- **Collected material**
####

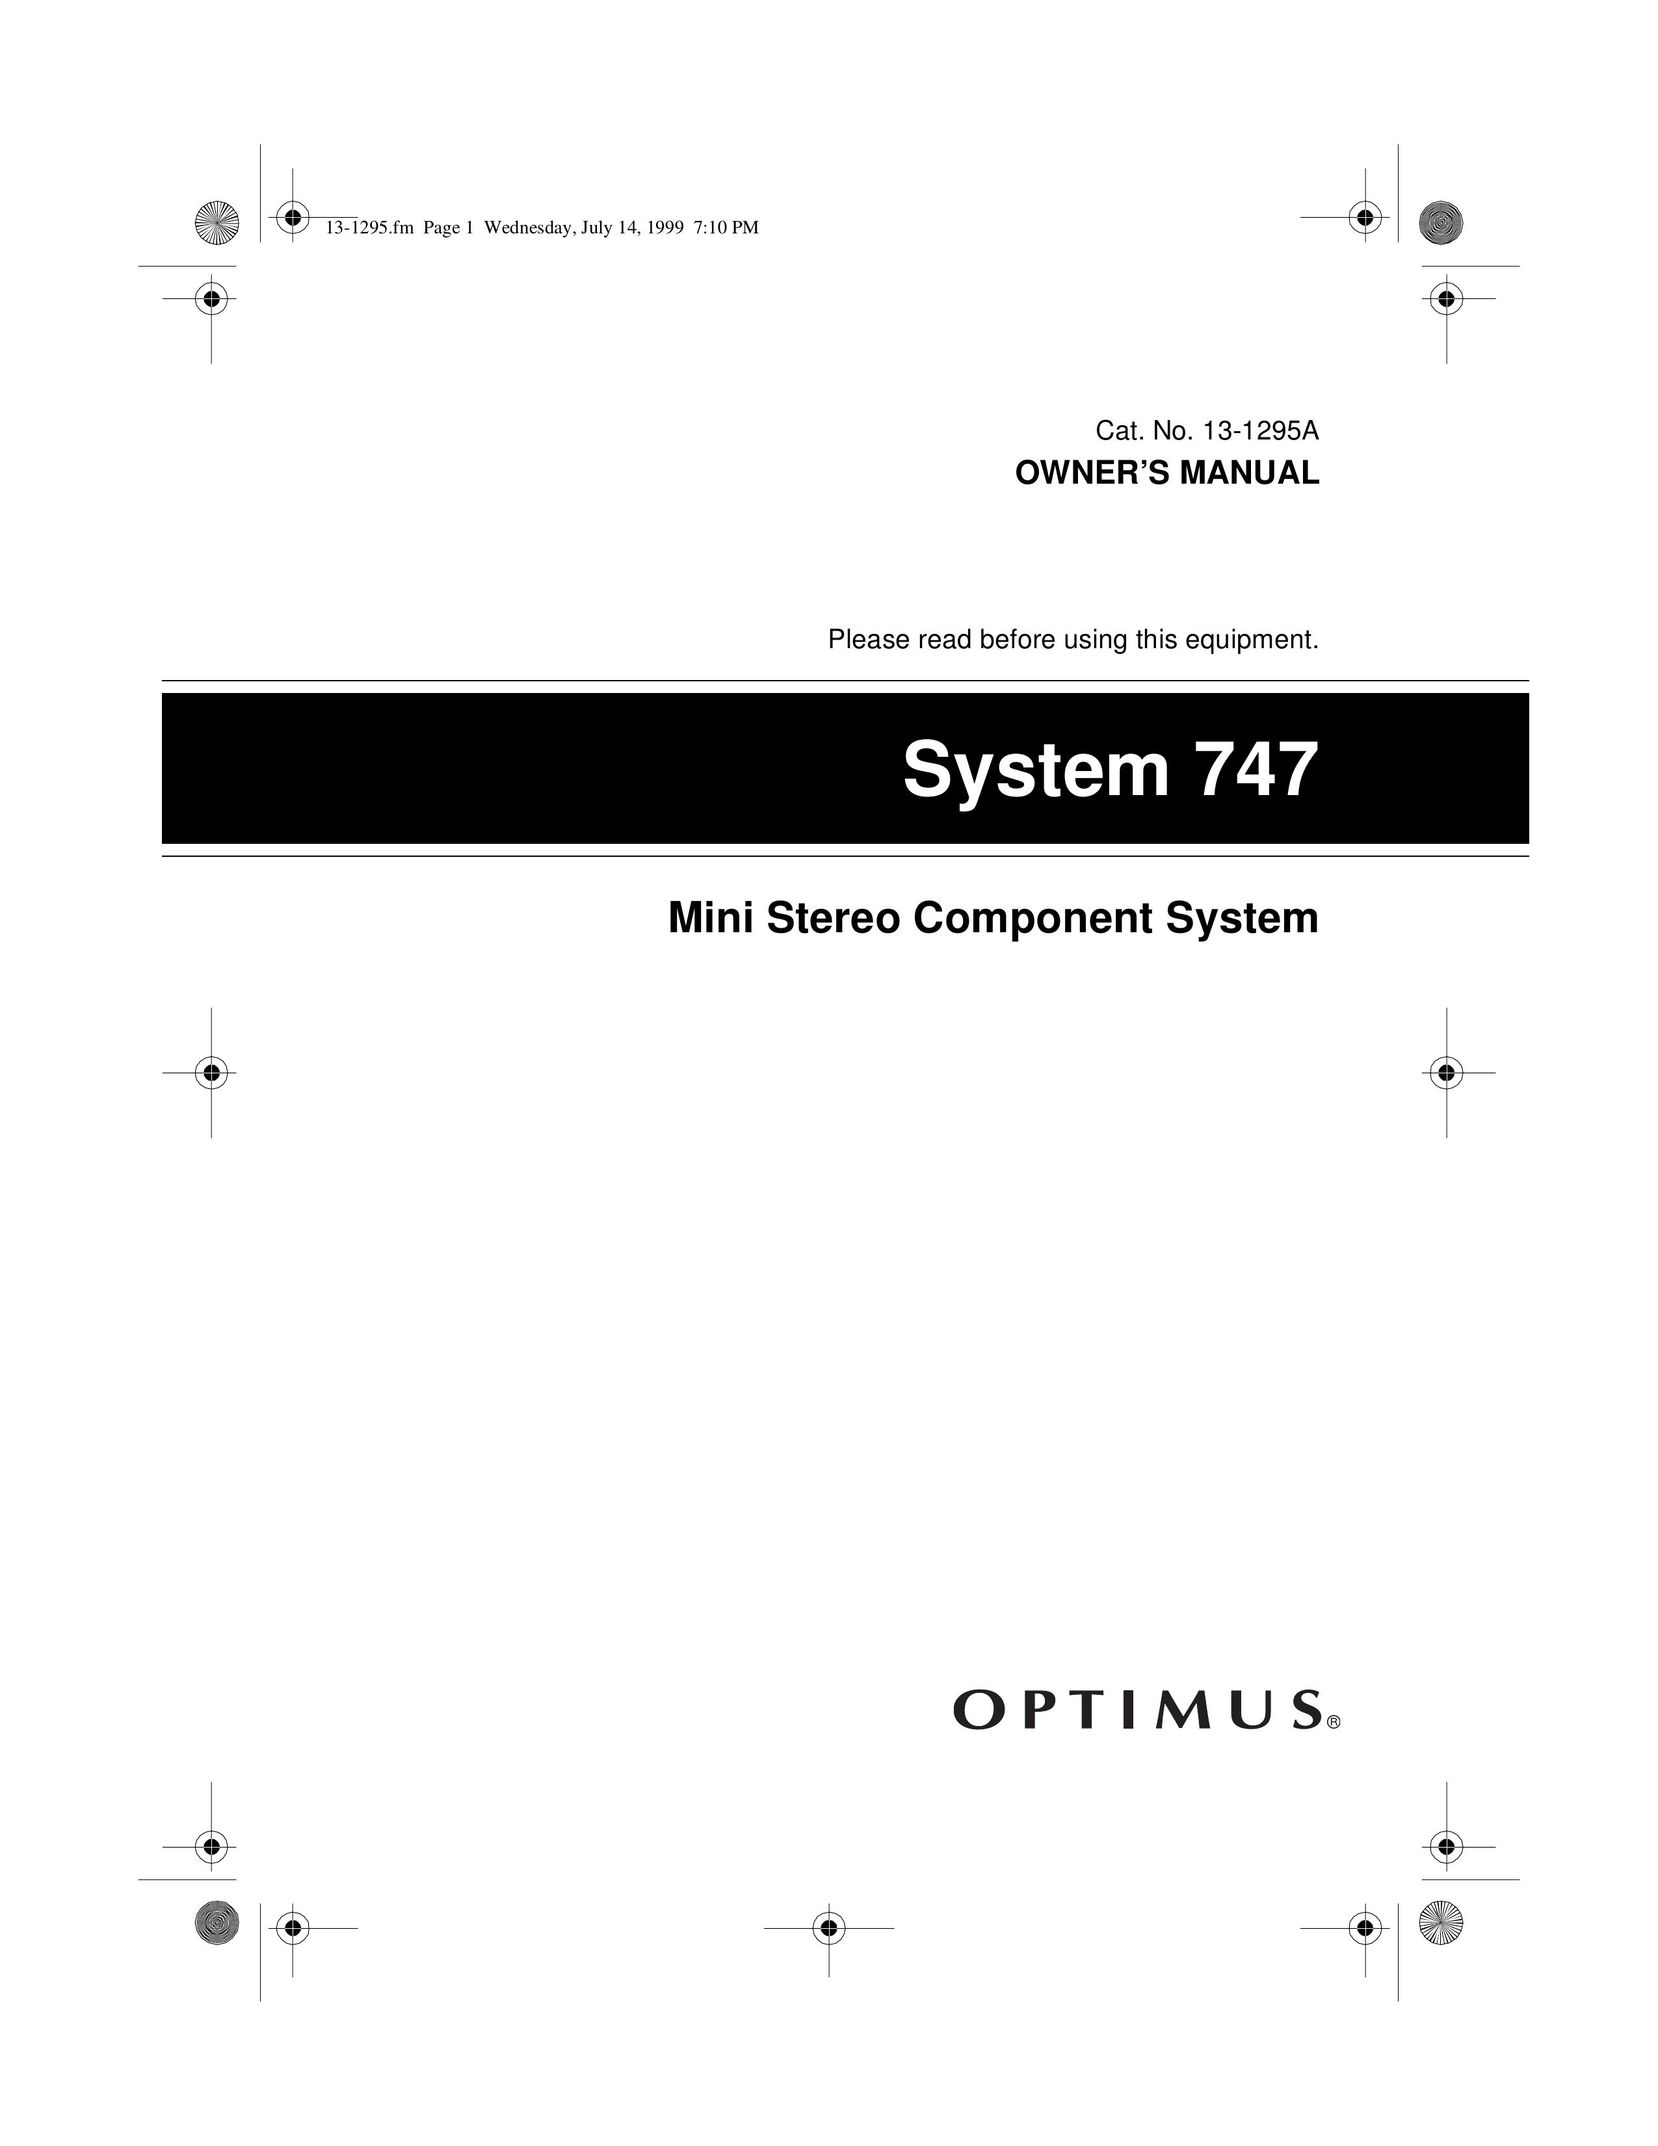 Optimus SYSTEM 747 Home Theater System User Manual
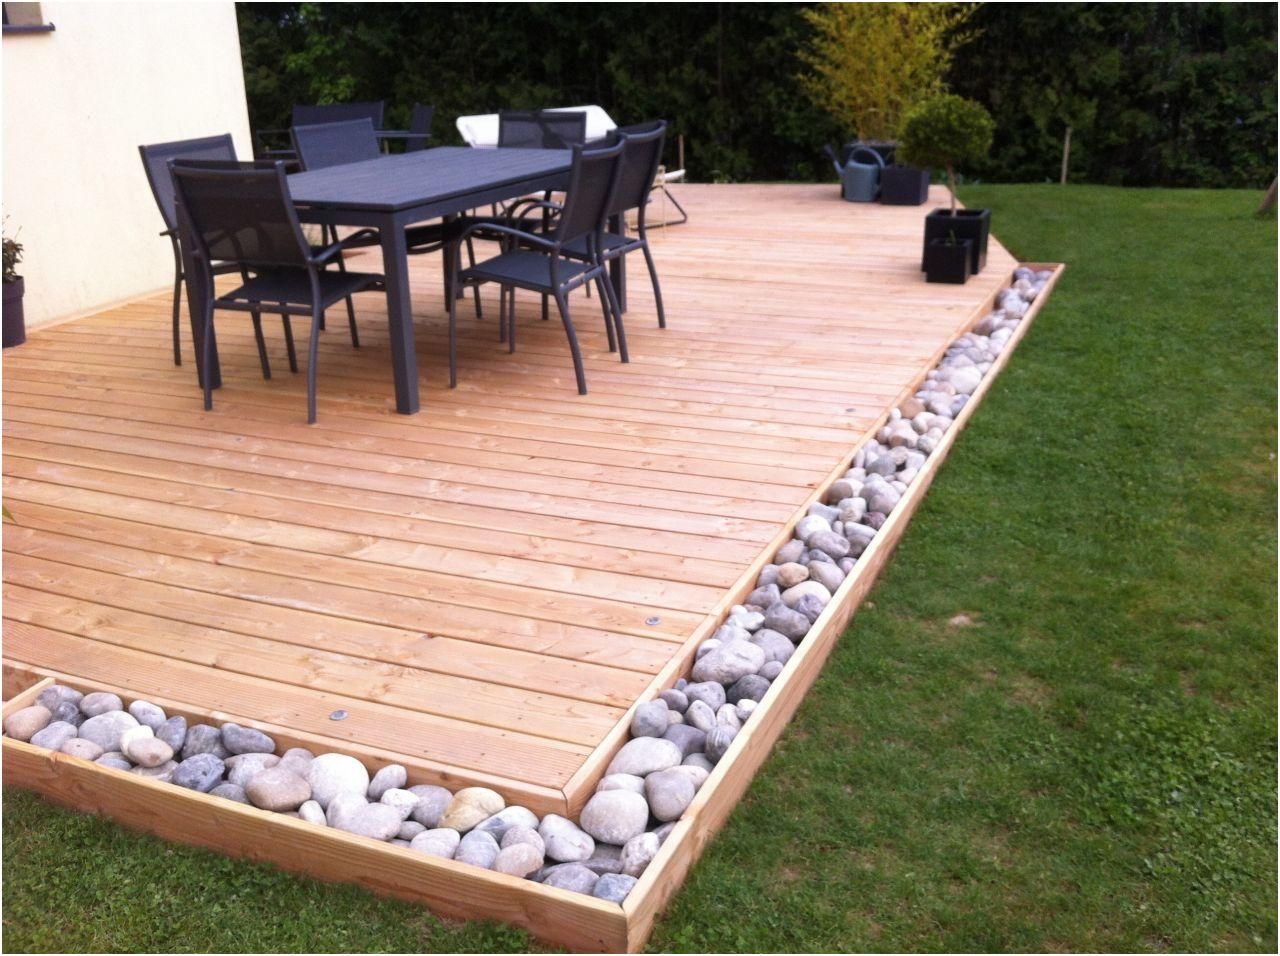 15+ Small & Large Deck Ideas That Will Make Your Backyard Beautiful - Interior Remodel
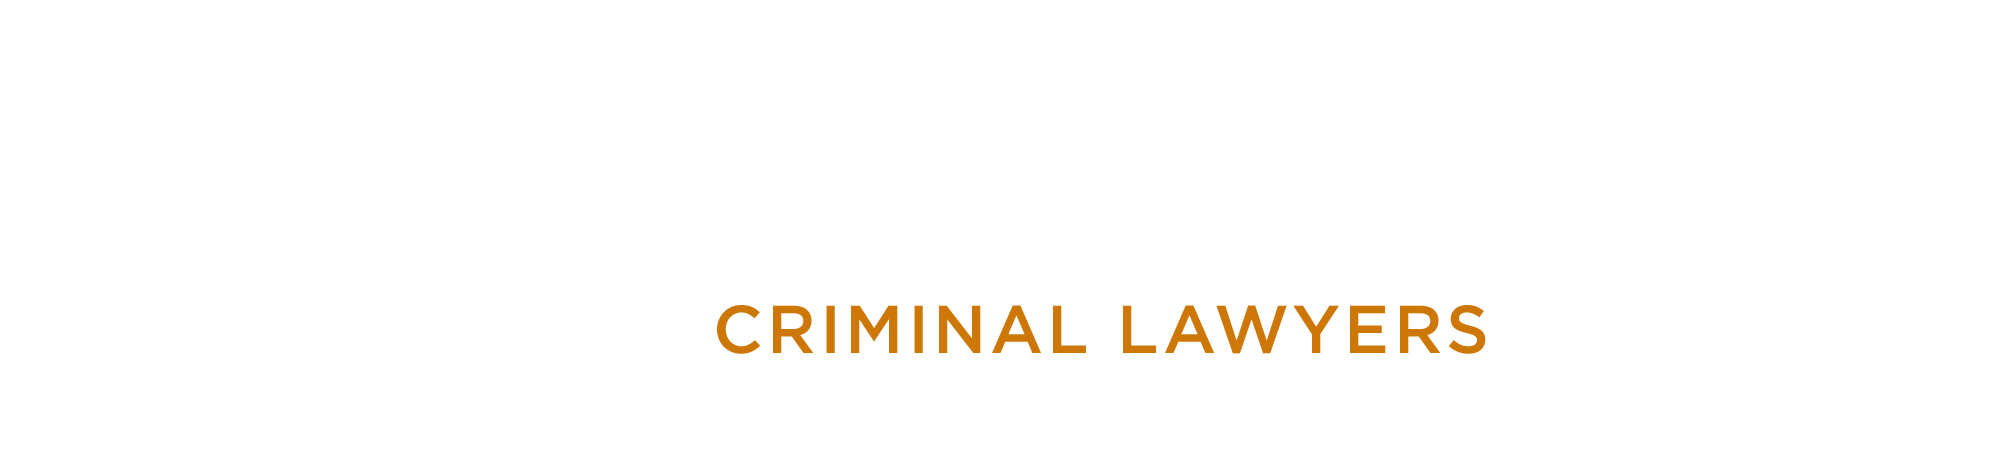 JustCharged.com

####

- **Instructions for the task**
With pictures excluded, output the listing above exactly as it stands.

- **Completed task**
 Optimus SYSTEM 747 Home Theater System User Manual
 15+ Small & Large Deck Ideas That Will Make Your Backyard Beautiful - Interior Remodel
 JustCharged.com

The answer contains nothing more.